From 59ce5807415f9f14e1c09d84cf79573f534d5e2e Mon Sep 17 00:00:00 2001
From: Soumya Snigdha Kundu <soumya_snigdha.kundu@kcl.ac.uk>
Date: Mon, 1 Jun 2026 18:58:10 +0100
Subject: [PATCH] Fix 3D decomposed relative position embedding for anisotropic
 inputs

The 3D branch of add_decomposed_rel_pos was broken for non-cubic spatial
sizes in two ways:

1. rel_d contracted the depth-axis embedding against the width axis
   ('bhwdc,wkc->bhwdk' instead of 'bhwdc,dkc->bhwdk').
2. The broadcast-add into the (b, qh, qw, qd, kh, kw, kd) attention tensor
   used 4 leading colons instead of 5 for each rel_* term, so the key axis
   landed in the wrong slot (e.g. rel_h's kh fell into the kd position).

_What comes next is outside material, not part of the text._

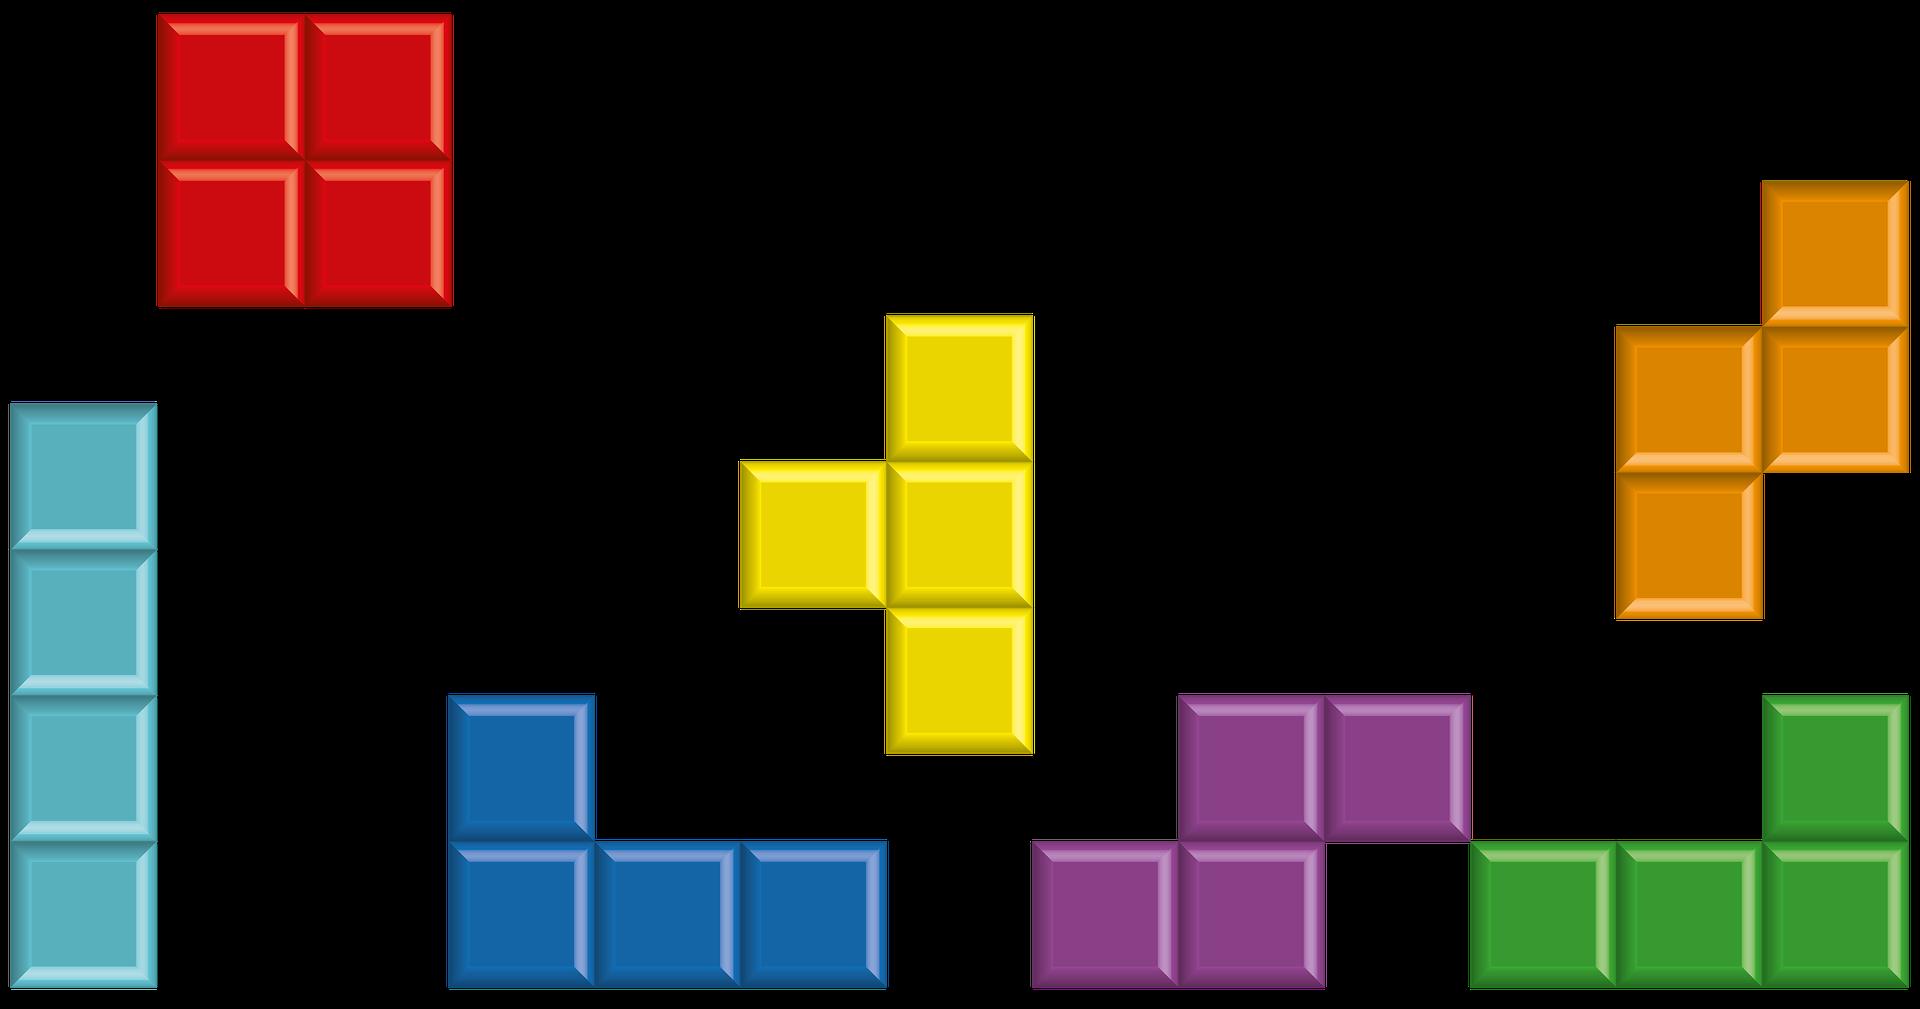 cube-1678974_1920

Both were masked by the only 3D test using a cubic input_size (8, 8, 8):
with kh == kw == kd every misplaced axis still broadcasts. For anisotropic
volumes the forward pass raised a shape error (or, where conformable, added
the wrong positional bias) in SABlock/CrossAttentionBlock with
rel_pos_embedding='decomposed'.

Adds a regression test parametrized over several anisotropic 3D input
sizes, including permutations of distinct dims so each spatial axis is
exercised in a different position.

Signed-off-by: Soumya Snigdha Kundu <soumya_snigdha.kundu@kcl.ac.uk>
---
 monai/networks/blocks/attention_utils.py    |  8 ++++----
 tests/networks/blocks/test_selfattention.py | 18 ++++++++++++++++++
 2 files changed, 22 insertions(+), 4 deletions(-)

diff --git a/monai/networks/blocks/attention_utils.py b/monai/networks/blocks/attention_utils.py
index a8dfcd7df3..caf2bcc155 100644
--- a/monai/networks/blocks/attention_utils.py
+++ b/monai/networks/blocks/attention_utils.py
@@ -114,13 +114,13 @@ def add_decomposed_rel_pos(
         r_q = q.reshape(batch, q_h, q_w, q_d, dim)
         rel_h = torch.einsum("bhwdc,hkc->bhwdk", r_q, rh)
         rel_w = torch.einsum("bhwdc,wkc->bhwdk", r_q, rw)
-        rel_d = torch.einsum("bhwdc,wkc->bhwdk", r_q, rd)
+        rel_d = torch.einsum("bhwdc,dkc->bhwdk", r_q, rd)
 
         attn = (
             attn.view(batch, q_h, q_w, q_d, k_h, k_w, k_d)
-            + rel_h[:, :, :, :, None, None]
-            + rel_w[:, :, :, None, :, None]
-            + rel_d[:, :, :, None, None, :]
+            + rel_h[:, :, :, :, :, None, None]
+            + rel_w[:, :, :, :, None, :, None]
+            + rel_d[:, :, :, :, None, None, :]
         ).view(batch, q_h * q_w * q_d, k_h * k_w * k_d)
 
     return attn
diff --git a/tests/networks/blocks/test_selfattention.py b/tests/networks/blocks/test_selfattention.py
index af52918612..c960e30e58 100644
--- a/tests/networks/blocks/test_selfattention.py
+++ b/tests/networks/blocks/test_selfattention.py
@@ -67,6 +67,24 @@ def test_ill_arg(self):
         with self.assertRaises(ValueError):
             SABlock(hidden_size=620, num_heads=8, dropout_rate=0.4)
 
+    # anisotropic 3D shapes with all-distinct, permuted dims: a cubic input_size hides
+    # the decomposed rel-pos axis handling because every misplaced axis still broadcasts.
+    @parameterized.expand([[(4, 8, 16)], [(16, 8, 4)], [(2, 3, 4)], [(4, 3, 2)], [(2, 4, 3)]])
+    @skipUnless(has_einops, "Requires einops")
+    def test_decomposed_rel_pos_anisotropic_3d(self, input_size):
+        hidden_size = 120
+        net = SABlock(
+            hidden_size=hidden_size,
+            num_heads=6,
+            dropout_rate=0.1,
+            rel_pos_embedding=RelPosEmbedding.DECOMPOSED,
+            input_size=input_size,
+        )
+        seq_len = input_size[0] * input_size[1] * input_size[2]
+        with eval_mode(net):
+            result = net(torch.randn(2, seq_len, hidden_size))
+            self.assertEqual(result.shape, (2, seq_len, hidden_size))
+
     def test_rel_pos_embedding_with_flash_attention(self):
         with self.assertRaises(ValueError):
             SABlock(